Popular implementations
Don’t feel the need to roll your own software but still want to take use of Akismet? Many solutions already exist for blog, CMS, or forum software:
- Invision Power Board
- phpBB
- Drupal
- vBulletin
- Expression Engine
- and of course WordPress by default!
Closing
I hope that this guide will serve as an introduction into some alternative forms of spam combat. A site without SPAM not only appears more professional to users, but is also much easier to manage for administrators and moderators.
Enjoyed this Post?
Subscribe to our RSS Feed, Follow us on Twitter or simply recommend us to friends and colleagues!
Join our newsletter!
Create a Tutorial, Get Paid!
Have something to teach the world? Want to earn money doing it? Tutorials, screencasts, and articles published here on Nettuts+ are largely contributed by readers just like you! We'll pay you great money for good content. Find Out More
Part of the reason so many beginners and rank newbies to Internet marketing marketing fail or stumble so much has to do with all the hidden knowledge. Your best friend with your business will be feedback, and you get that in a variety of ways. You know there is much to learn, but the good news is that you need not learn it all before starting or even making money. It is totally understandable if you are concerned about where to turn or what to do. We will outline several very solid approaches that you can take with you and confidently use.

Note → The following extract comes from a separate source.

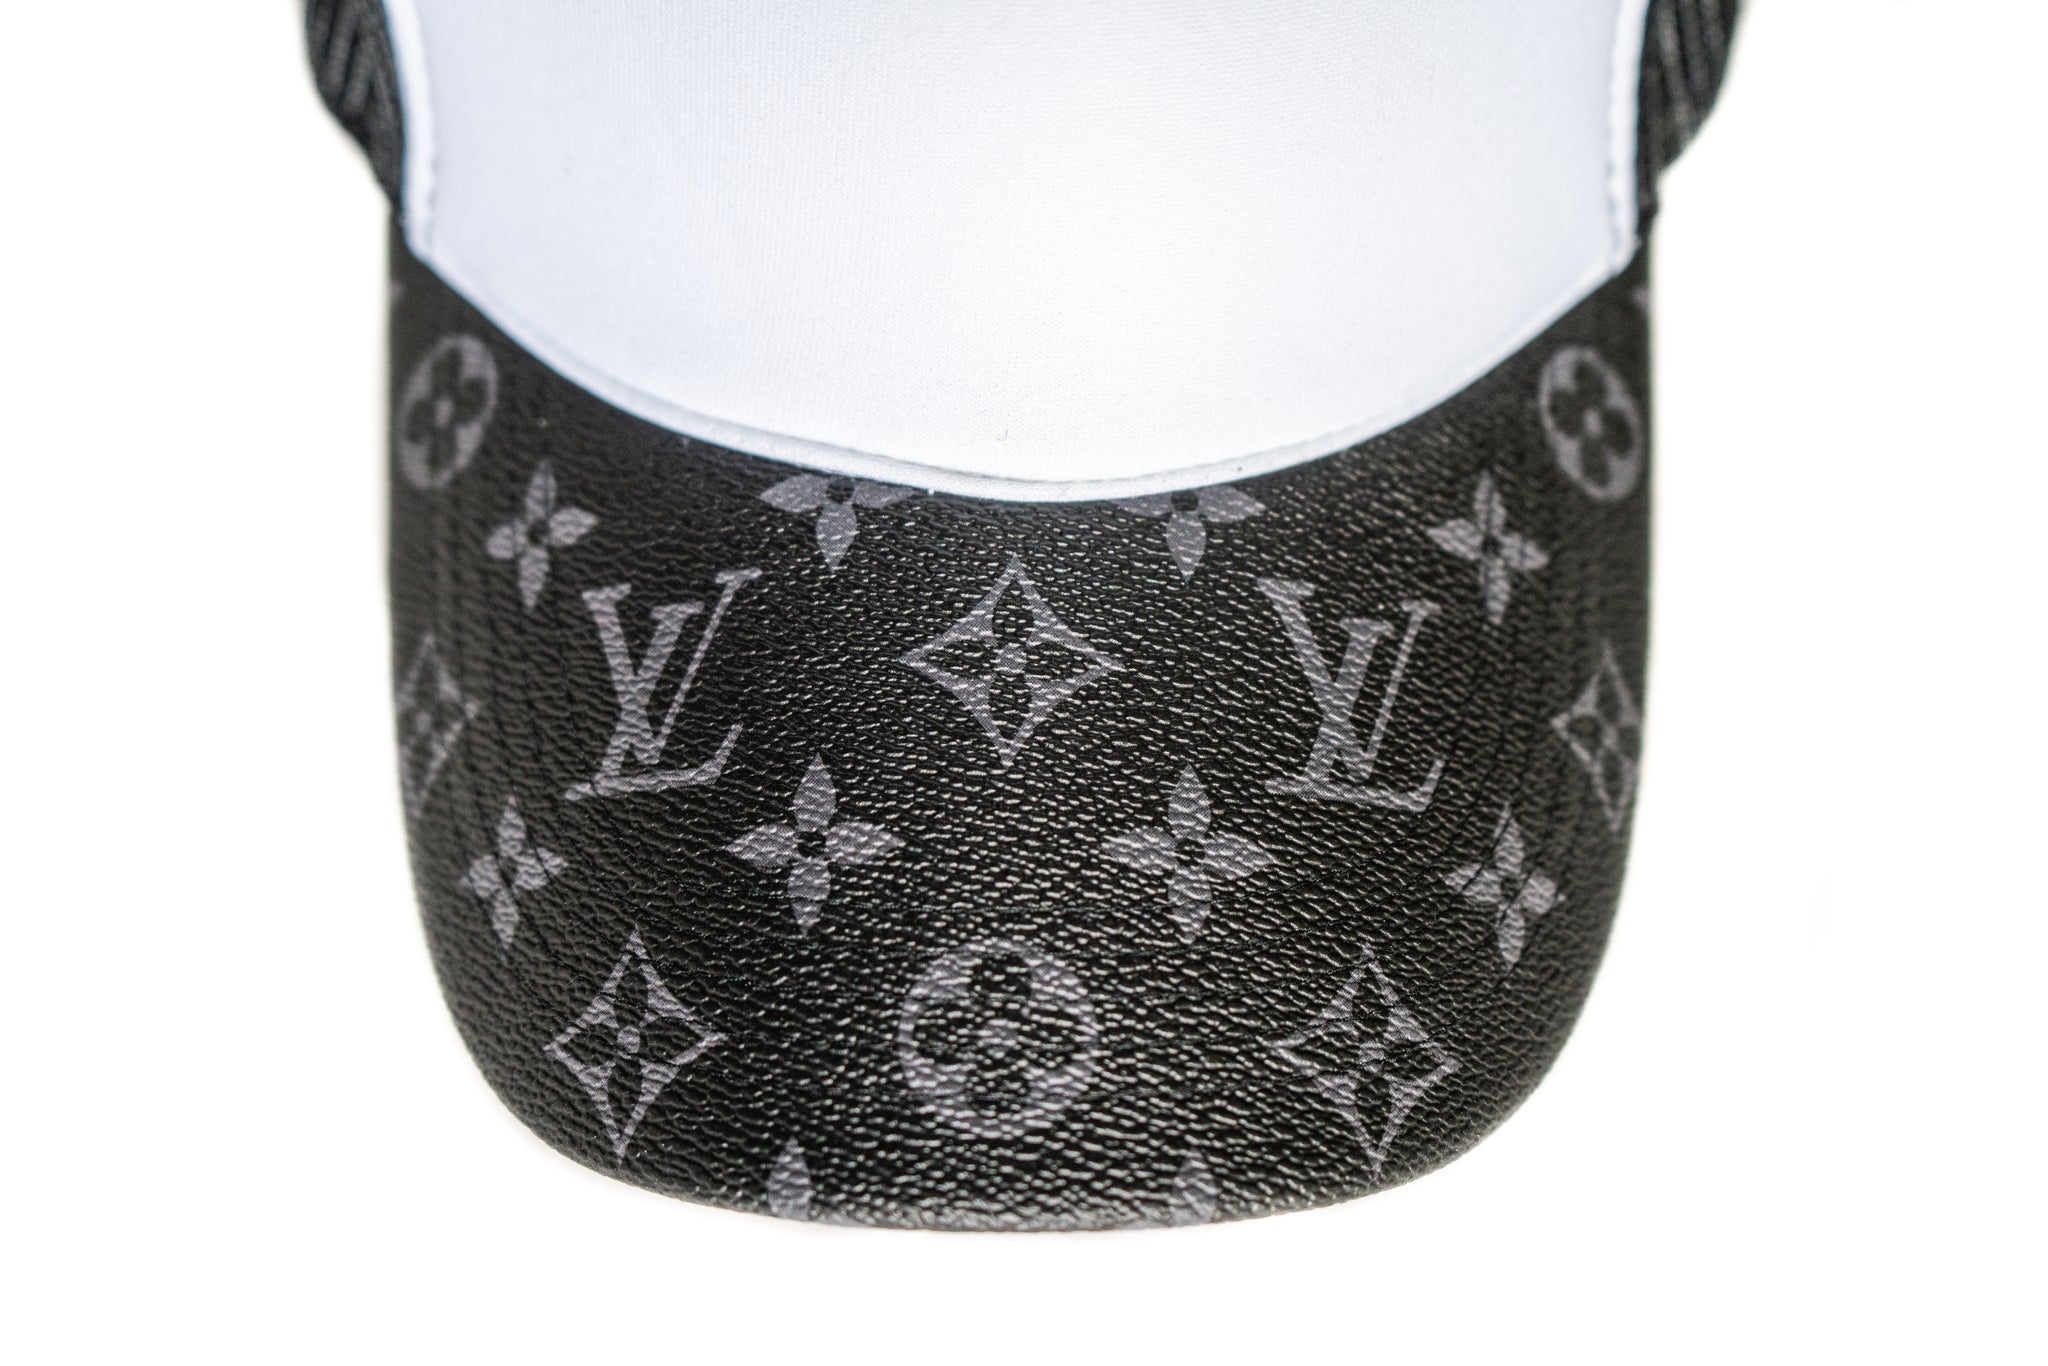 Custom Louis Vuitton White & Black Trucker Hat Strapback
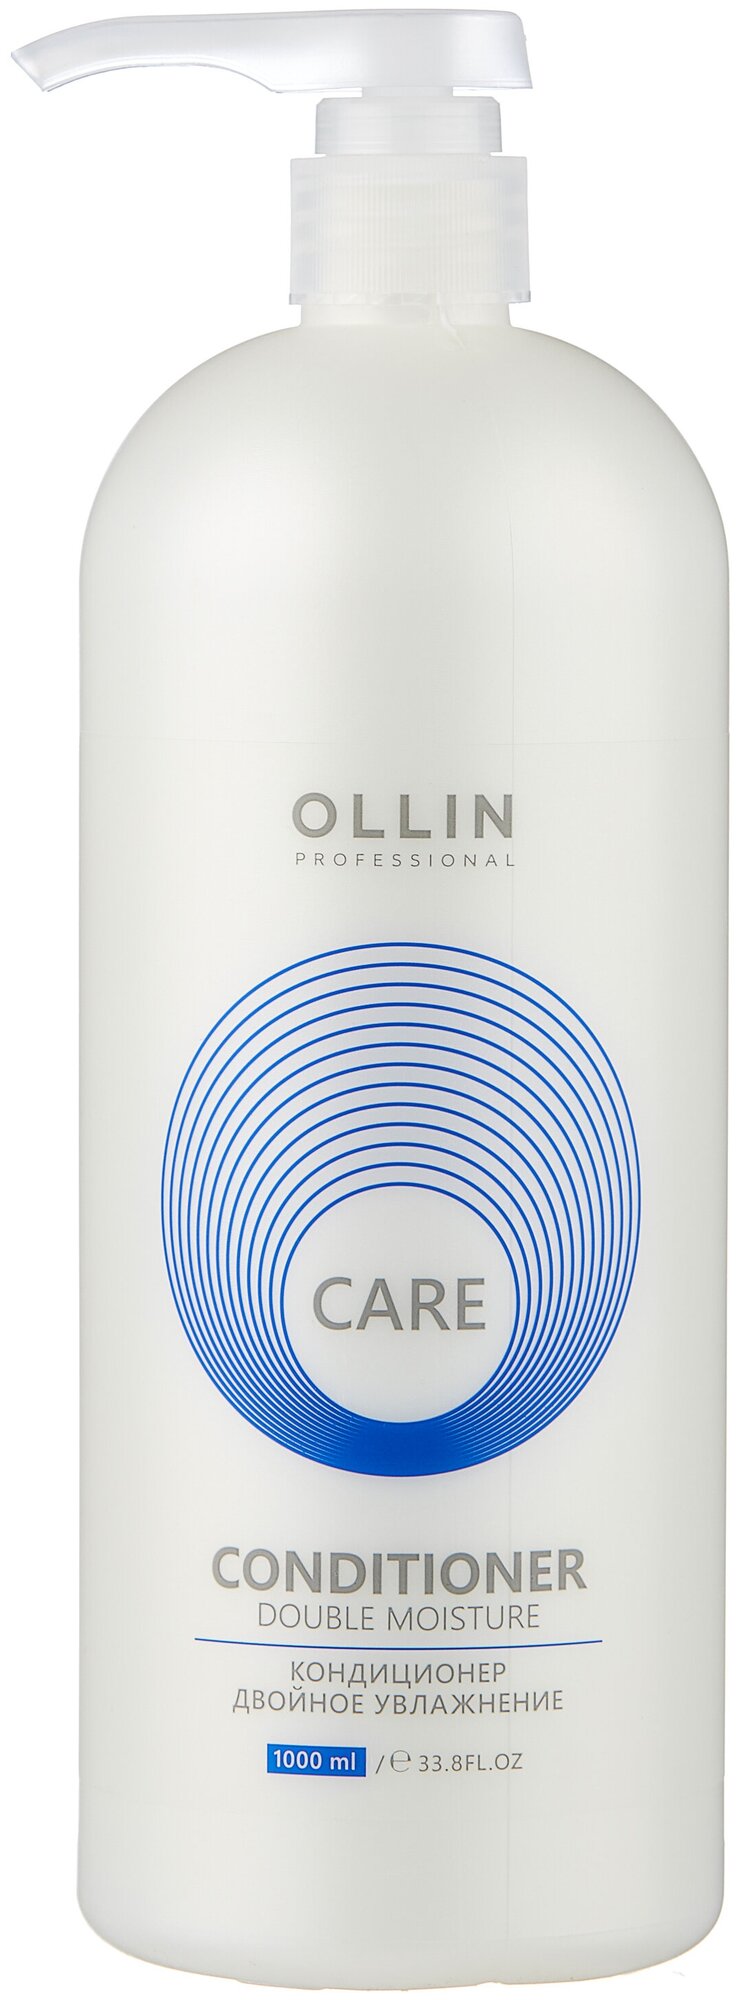 OLLIN Professional кондиционер Care Double Moisture

Always think in terms of content if that is applicable to what you do, and the reason concerns its importance with everything on the net. If you do the right thing with your content, then that good will and your actions will reflect favorably on you. There is no more room for poor content that is written badly or contains shoddy information. So just be very sure you focus on producing excellent information and content for your sites and marketing. Once you are in the habit of presenting facts that are not easily found, then people will start swiping your hard earned research. Try not to make the mistake of jumping from one shiny project to another. You should stay focused on one tactic or method and stick to it until you see results. Otherwise you won’t see any return on your efforts and you’ll be left with an unstable business. When you’re starting in IM, you’ll be faced with lots of choices when it comes down to buying courses. Never forget, though, that taking action is what is most important of all. If you continue on in an unstable way, it will be really hard to make any real progress. Choose a single method and stick to it and try to learn from your mistakes.
Have you thought much about your goals or what it is you want, and if not then it is best to do that before anything else. You simply cannot afford to operate according to any whims of any kind, and hence the plan in place to help you. Once you have covered some ground, then if the situation warrants you can alter plans. What you have to do is understand what is going on so you can perform your marketing tasks more competently. The key to your Search Engine marketing marketing success is partly with giving people what they want and including solid value. Daily efforts with your business will add-up pretty quickly and much faster than you think. You can and should get help whenever possible if you cannot figure out something, and a good forum will do the trick. There are many things that have to work well to be successful in business, but you can do it.